Benny’s didn’t used to be the only shop in the neighbourhood, but it’s the only one left from Mr. Benedetti’s childhood.

He remembers exactly where they all were. Even from inside the office, he knows the neighbourhood well enough that he points to the direction of their old spots as he names them. An Italian grocer who made his own sausage. An uncle who canned whole chicken and big tins of ravioli in brine. A Japanese toy store that sold balsa wood model planes and kites. Maron’s Jewish store. Benedetti remembers the owner sitting on the porch every summer evening with his wife, always a beanie on his head.

“So many little guys,” said Mr. Benedetti, “all gone.”

Running the wholesale business from the store helps Benny’s stick around in the neighbourhood, but it’s been increasingly difficult for the “little guys” after the warehouse club industry came out of America in the ’70s and ’80s with Price Club and now Costco.

“Corner stores have a stigma of being small stores, high prices, minimal amounts of product,” said Ramon Jr., Mr. Benedetti’s son.

The Benedettis fight that image by keeping prices close to those of supermarkets. They’ve also supplied specialty products to hotels such as the Ritz-Carlton and restaurants like CinCin and often save a little extra for the store. They’re still keeping it local, but the city is the new neighbourhood.

Ramon admits it can be a difficult lifestyle. Benny’s only closes Sundays and holidays today — as opposed to early days when it was only closed on Christmas — but Ramon often works around the clock to get product to a wholesale customer if they need it. Since he’s the one who knows everything, he hasn’t gone on a long vacation in 15 years.

With Alfonso Benedetti, Ramon Sr. and Ramon Jr., that’s three generations who’ve looked after Benny’s. Will there be a fourth?

Ramon has two sons who help out: one with delivery, one with the fridges. To them he says “no pressure,” as he knows it’s not for everyone. At one point, he thought he was going to be a mechanic. Even Mr. Benedetti avoided it for a time, working six years as a cook on a commercial fishing boat.

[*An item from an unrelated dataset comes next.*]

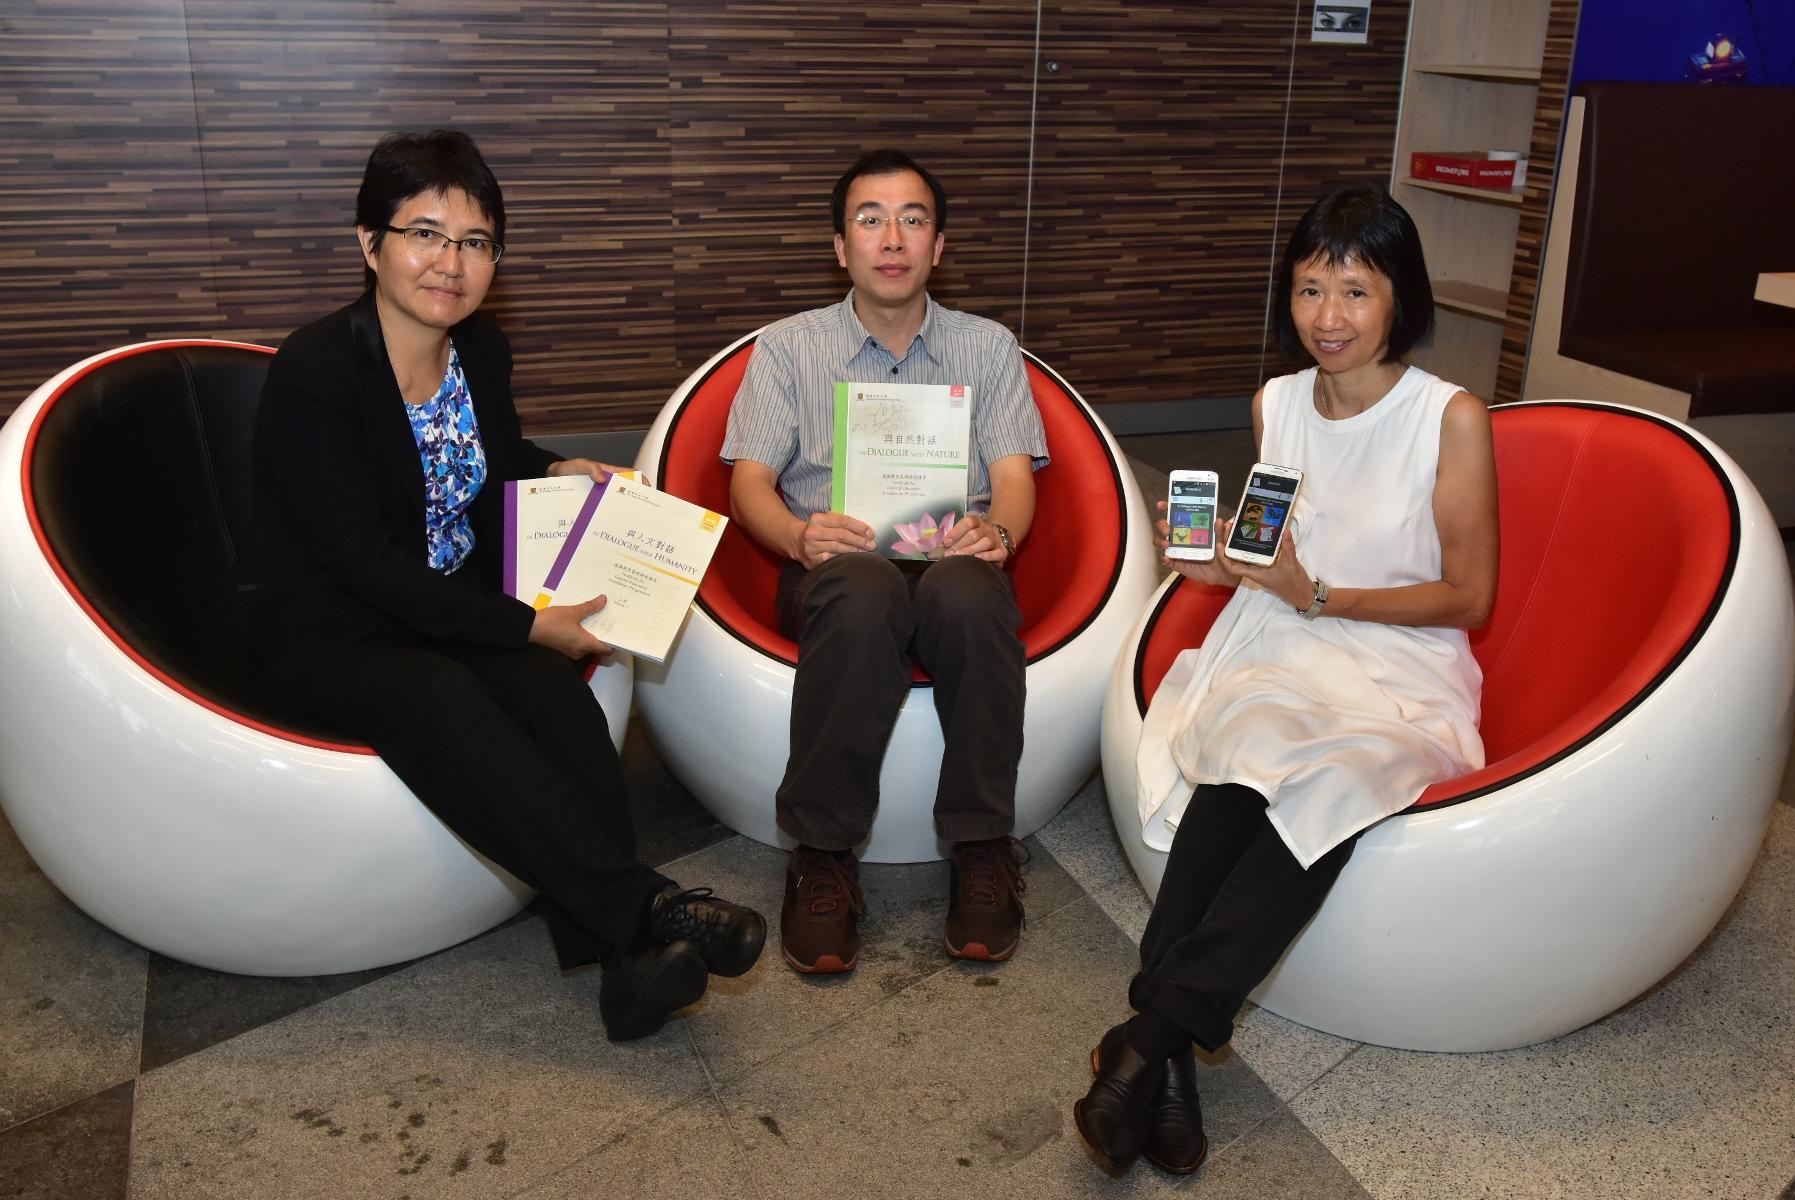 中大通識教育課程團隊親自編製教科書及專屬手機應用程式

But there is a desire to keep it in the family.

“It’s our name,” said Ramon. “I can’t relinquish it and hand it off to somebody else.”

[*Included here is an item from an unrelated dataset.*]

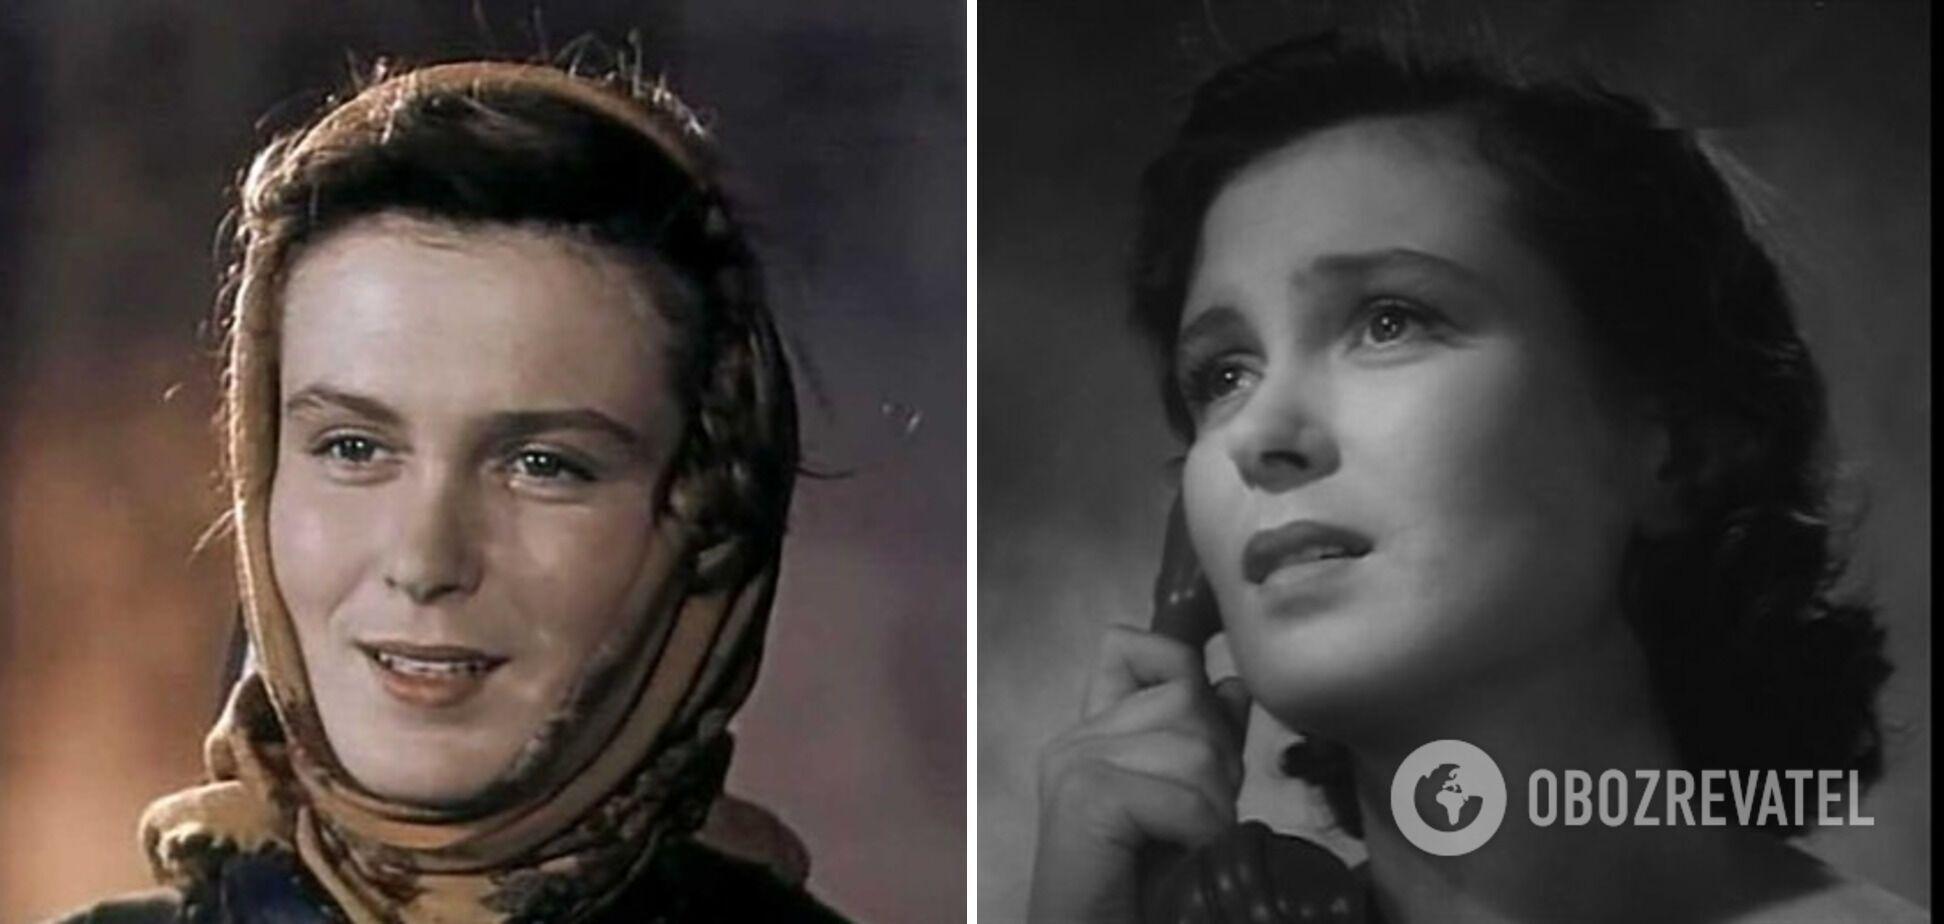 Ізольда Ізвіцька знялася у двох десятках кінокартин

Though there is one thing about the future he is certain about.

“We’re gonna party,” he said. “We’re gonna turn 100 in two years.”

Most of that history and the people are still in Mr. Benedetti’s head.

He remembers how his father came to America through Ellis Island, wound up in B.C. and started Benny’s with a partner using card game winnings.

He remembers the many immigrants who called Strathcona home: Jews, Russians, Yugoslavs and the black community that lived around Main Street’s 200-block.

He remembers the Benny’s Market bowling team and their rivals from Chinatown restaurant Bamboo Terrace, who they treated to Italian supper at Puccini’s if they lost.

He remembers witnessing a Chinese neighbour’s extravagant funeral ceremony, held in front of her house with paid mourners and food and strong incense laid out on the street. One day more than 70 years later, he caught a man and two young women staring intently at the same house and asked what they were doing.

“That was our grandmother’s house,” they told Mr. Benedetti.

Even today, he still comes across others who remember the lives lived here.

I ask him whether he feels a lot of nostalgia being here in Strathcona. After all, he lives in a house behind the store, just metres from his childhood bedroom at the shop.

“Oh, you do think about it,” he said.

Mr. Benedetti tells me to look outside. There’s an alley by the yard. This is where he played bocce Friday nights in the summer with his old gang of 15 guys.

“There’s only three of us left,” he said. “Kinda chokes you up, but life’s been good to us.

“I always thank God for bringing me into the Benedetti family and marrying into my wife’s family. That’s been a highlight of my life.”

Mr. Benedetti recalls something his grandmother used to tell him. It’s along the lines of carpe diem but with more bite.

“Eat your steak while you still got teeth.”

He still visits the family store every day.